We think of cats as chasing mice, but cats will sometimes calmly ignore mice—not so birds. Cats immediately go ballistic over birds. My one year old cat, Tawny, gets up in the morning to sit in the kitchen window to visually track the robins, sparrows, goldfinches and red-winded blackbirds from tree to post to grass to tree., ignoring his breakfast to do so—the same breakfast these cats usually start lobbying for by 6 a.m.

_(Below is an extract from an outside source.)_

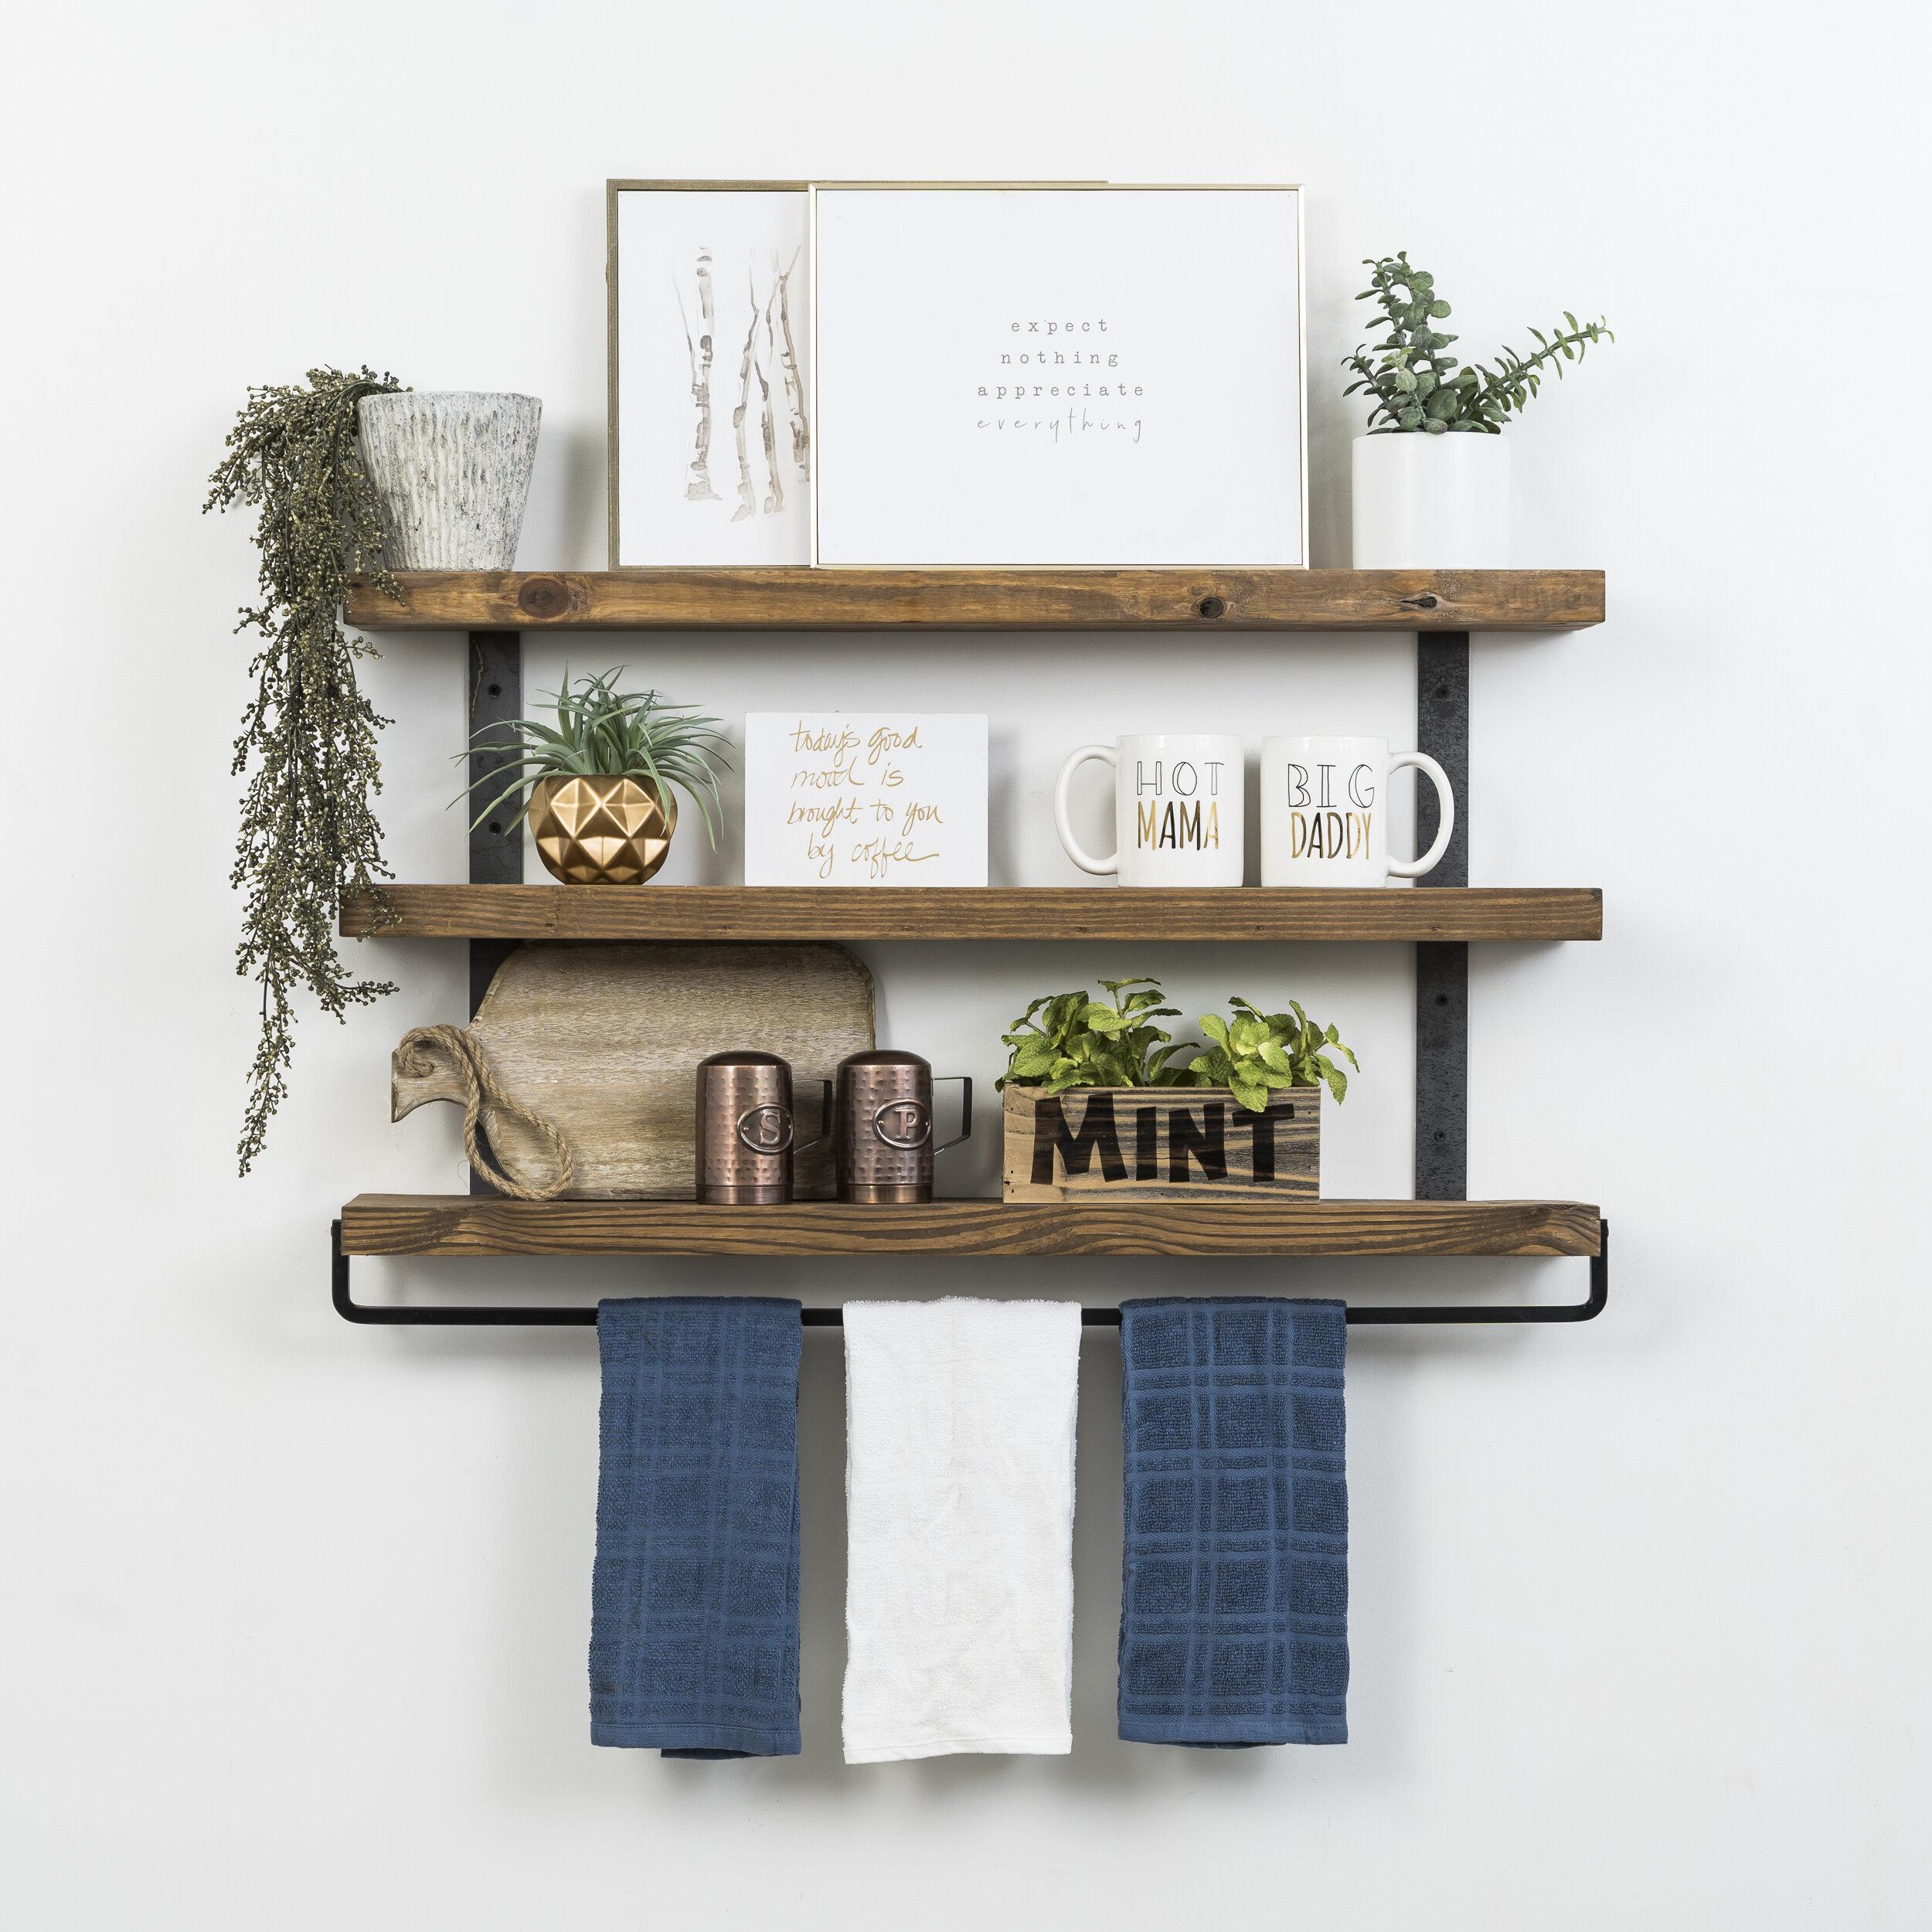 Bathroom Shelf With Towel Bar You Ll, Bathroom Shelves With Towel Bar Ideas
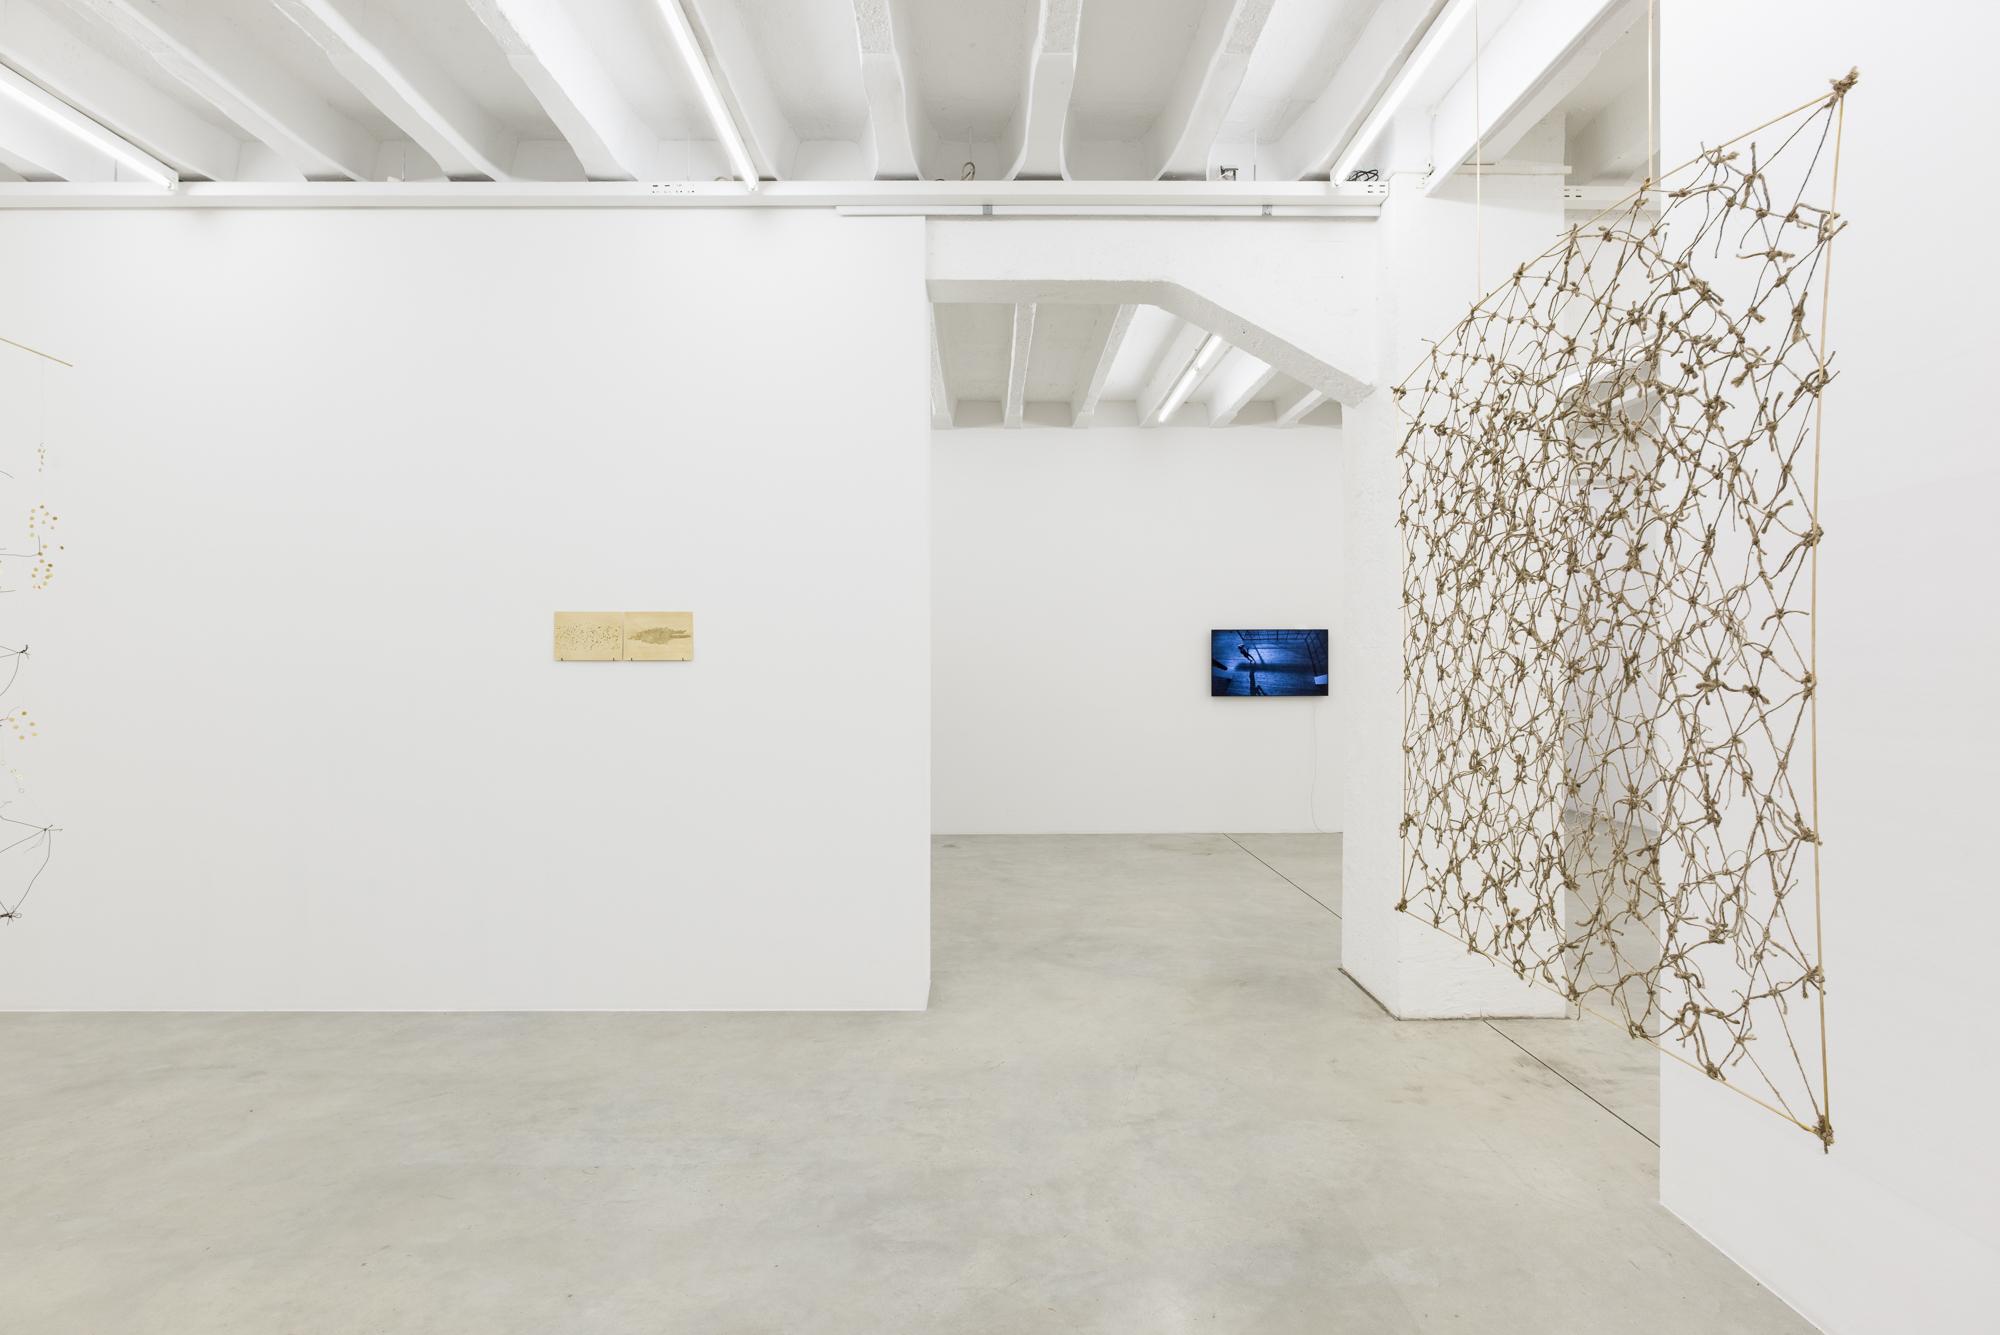 Iza Tarasewicz, Equilibrium in Meteors, exhibition view, Galerija Gregor Podnar, Berlin, 2018. Photo: Marcus Schneider

Dogs, at least the ones I’ve had, find birds fascinating, but not to such an insane degree. Sasha, a shepherd mix, liked to run toward groups of ducks or geese just to force them to fly—then she’d sit down to watch. Shanti, my husky mix, loves to chase birds (and she’s fast enough to do it), gets excited when she accidentally flushes a pheasant or a quail, and will successfully hunt fowl if allowed to do so (she isn’t), but none of that comes close to the insanity that prevails when a cat sees a bird.

Twice, a while back, a bird managed to fly inside my home. Both times, the cats immediately went nuts. Cats, thus motivated, can travel at the speed of light, jumping instantaneously the length and height of a room. As quickly as those sparrows flew from one room to another, the cats flew just as fast, oblivious to my protestations. In both cases, I was able to catch the birds with a blanket in an hour or so, releasing them safely, but both cases were also quite an ordeal.

One spring, a pair of sparrows nested on my porch, directly across my front door, settling on the broad side of a 2 x 4 just under the slanting roof. The parents flew in and out from time to time, reacting to my coming and going, and then made regular trips, perching on the ledge while four large beaks suddenly appeared, opened 180 degrees, ready for the treat, disappearing again just as quickly as the adults flew out for more food.

Eventually, four rolly-poly chicks ventured out of the nest, onto the ledge, spread over between twelve and eighteen inches. That is, until the May weather abruptly turned cold, when the four chicks were huddled together, in a straight line, as closely as possible, less than half a foot across, looking like comic actors in a silent movie. Then, abruptly, one day they had all flown the nest, leaving the porch in peace.

And my orange tiger, Neko, spent virtually every moment of that six week nesting experience perched perfectly still on the counter, staring intently at the nest through the front door’s narrow window.